SOURCE MATERIAL.
--
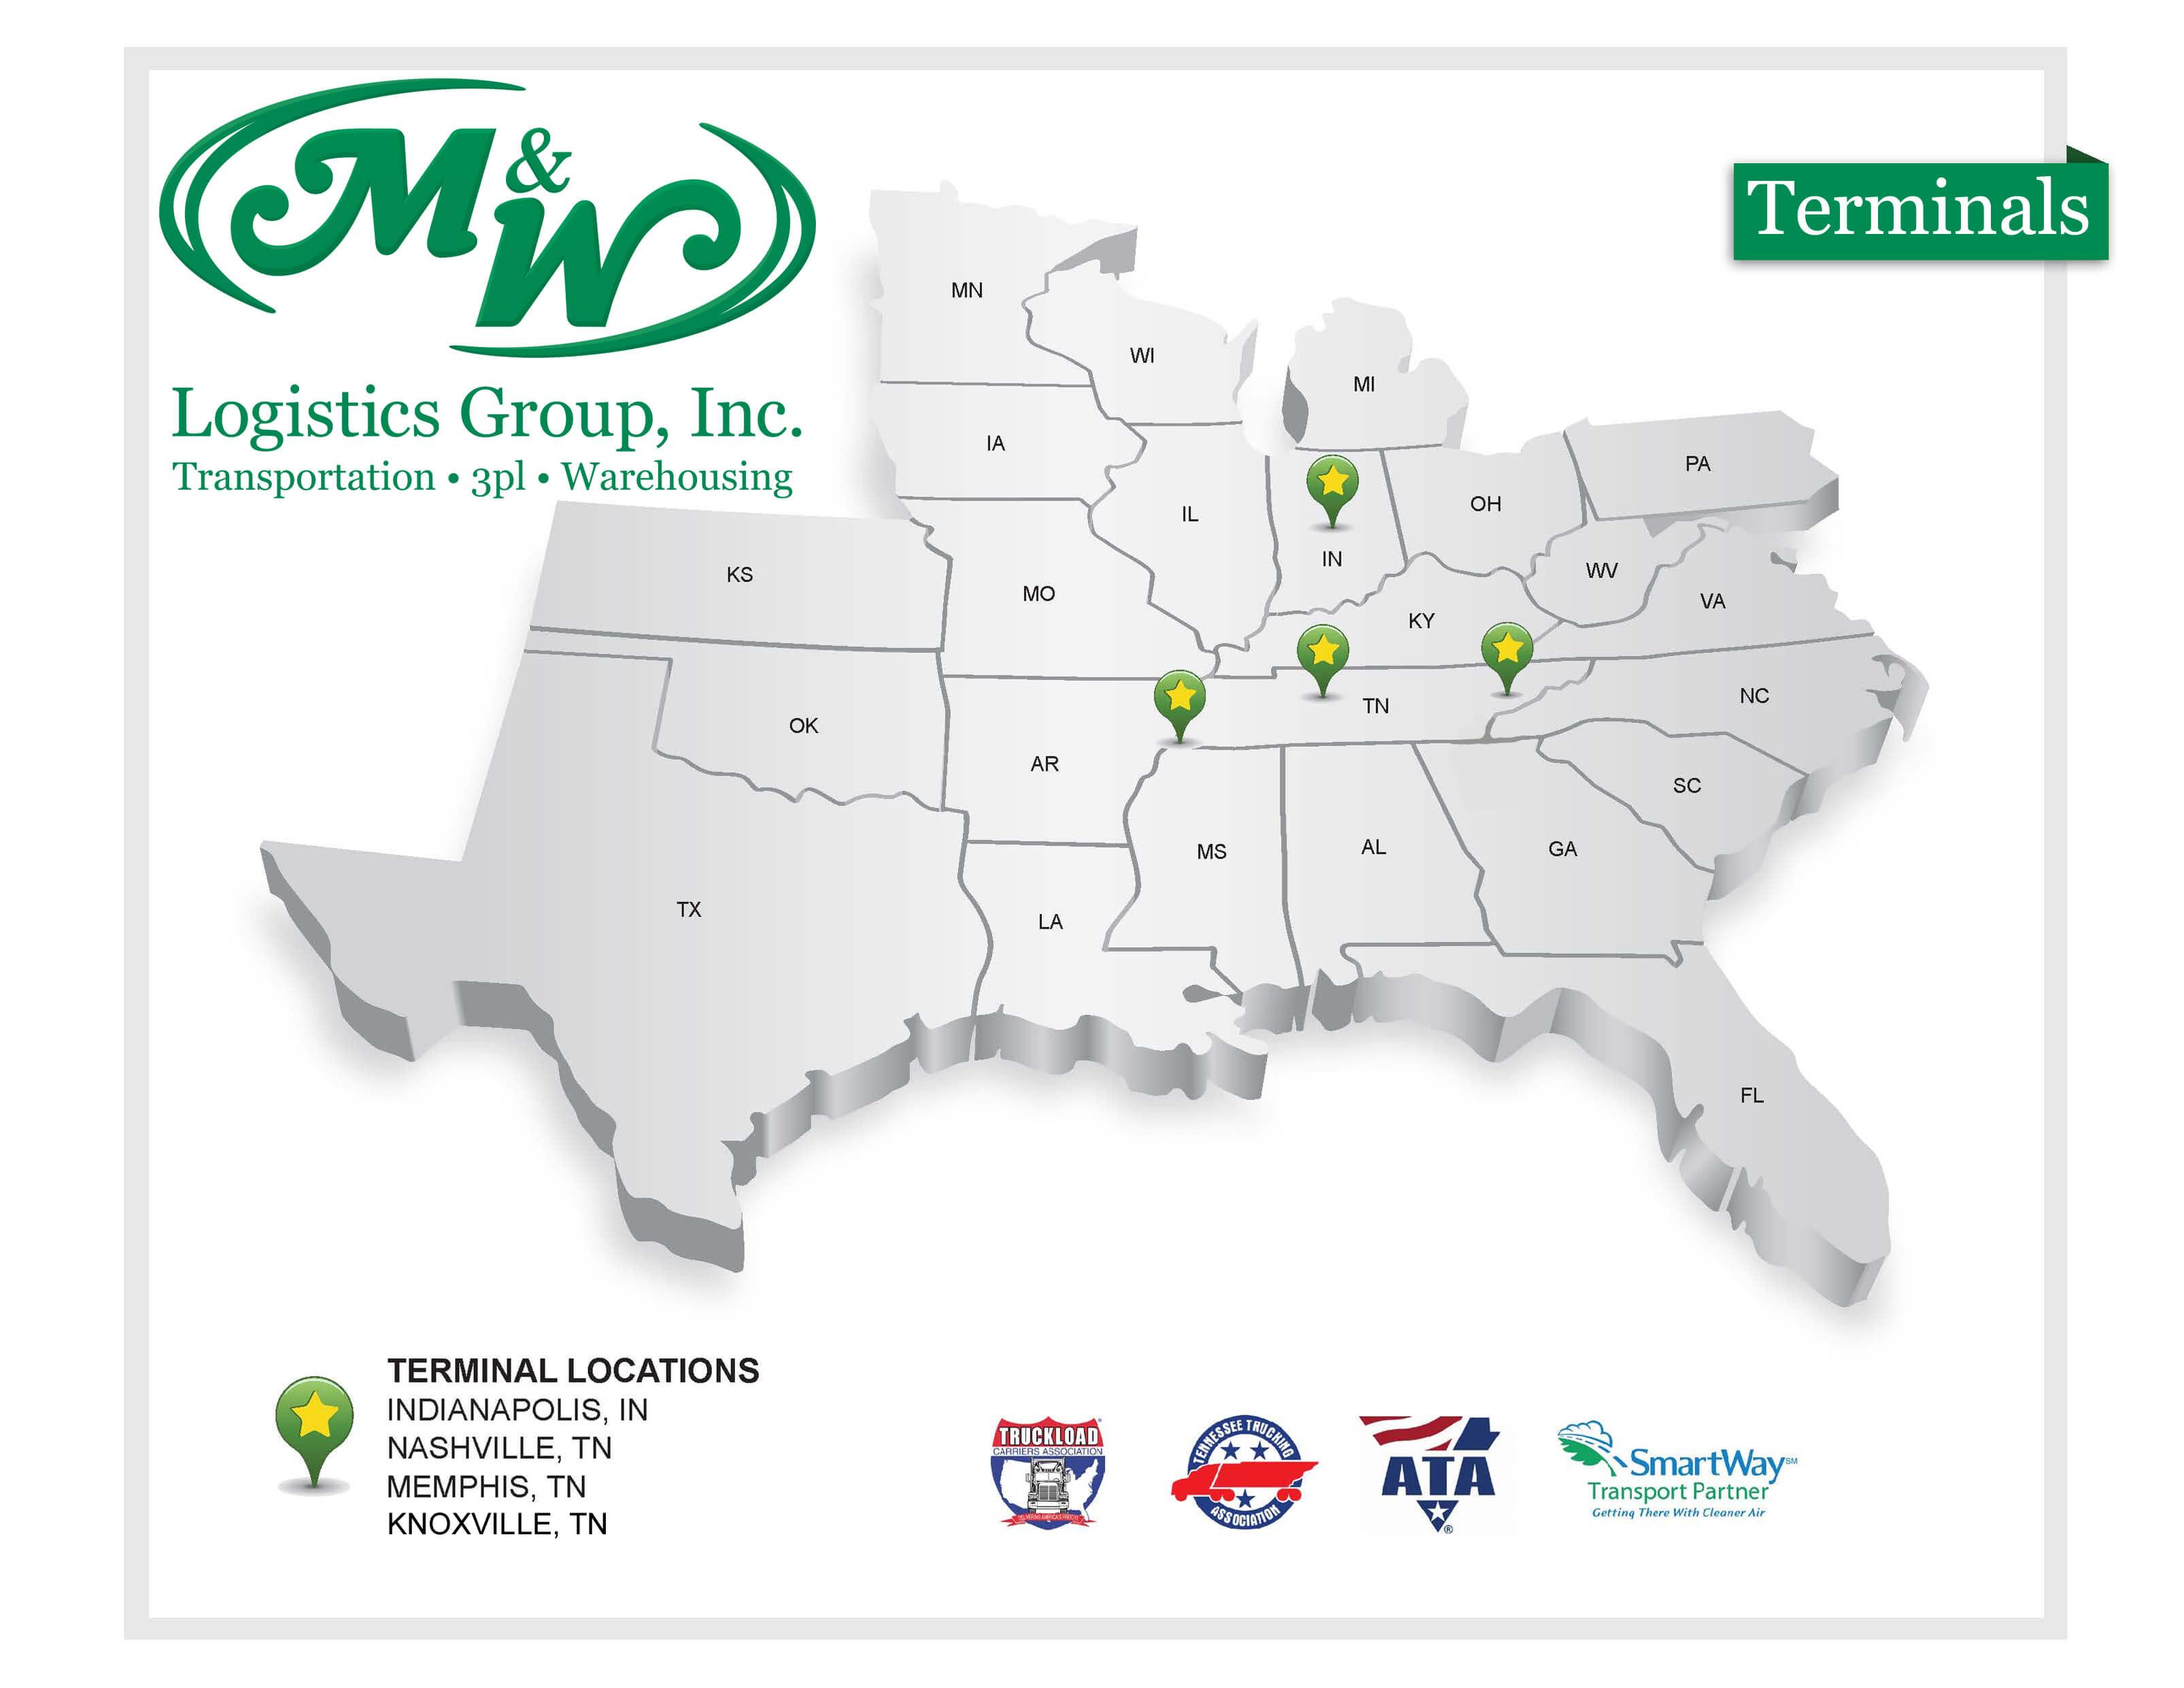 Service Map Terminals Edit Knoxville copy
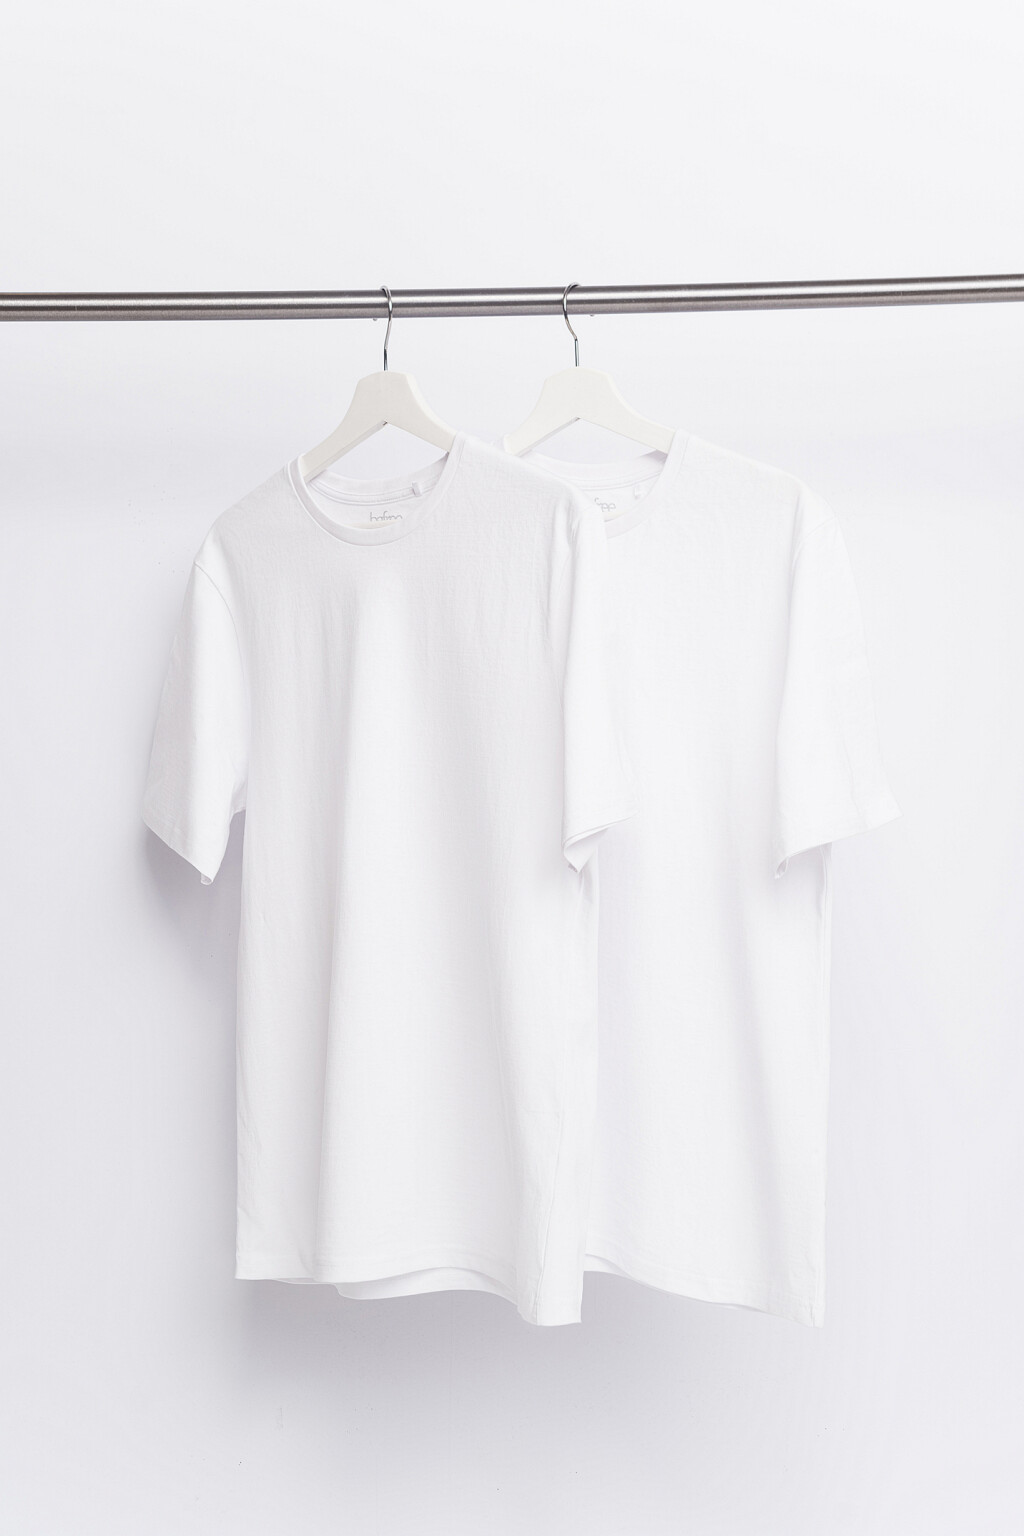 набор футболок мужских (2 шт.)
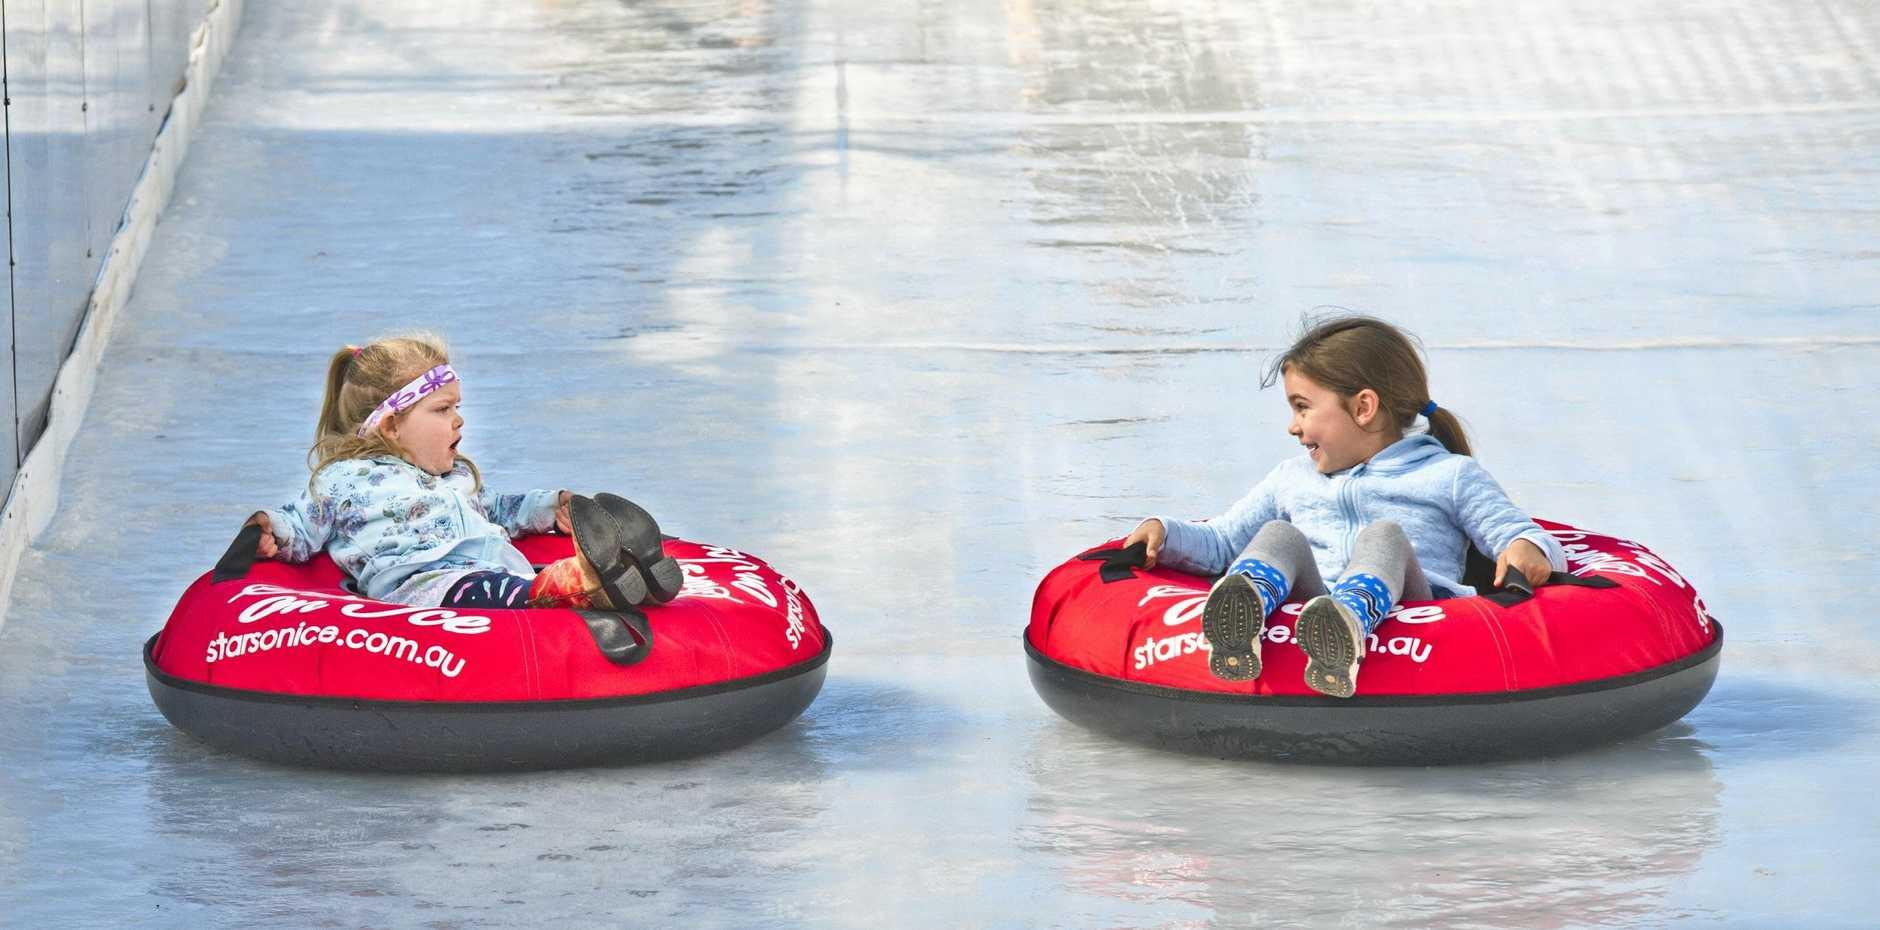 Sisters Mackenzie and Lexi Burlingham take on the Ice Slide at Winter Wonderland in Toowoomba.
--
INSTRUCTIONS FOR THE TASK.
All the lines above are to be given again exactly as they read, with the pictures removed.

RESPONSE AREA.
 Service Map Terminals Edit Knoxville copy
 набор футболок мужских (2 шт.)
 Sisters Mackenzie and Lexi Burlingham take on the Ice Slide at Winter Wonderland in Toowoomba.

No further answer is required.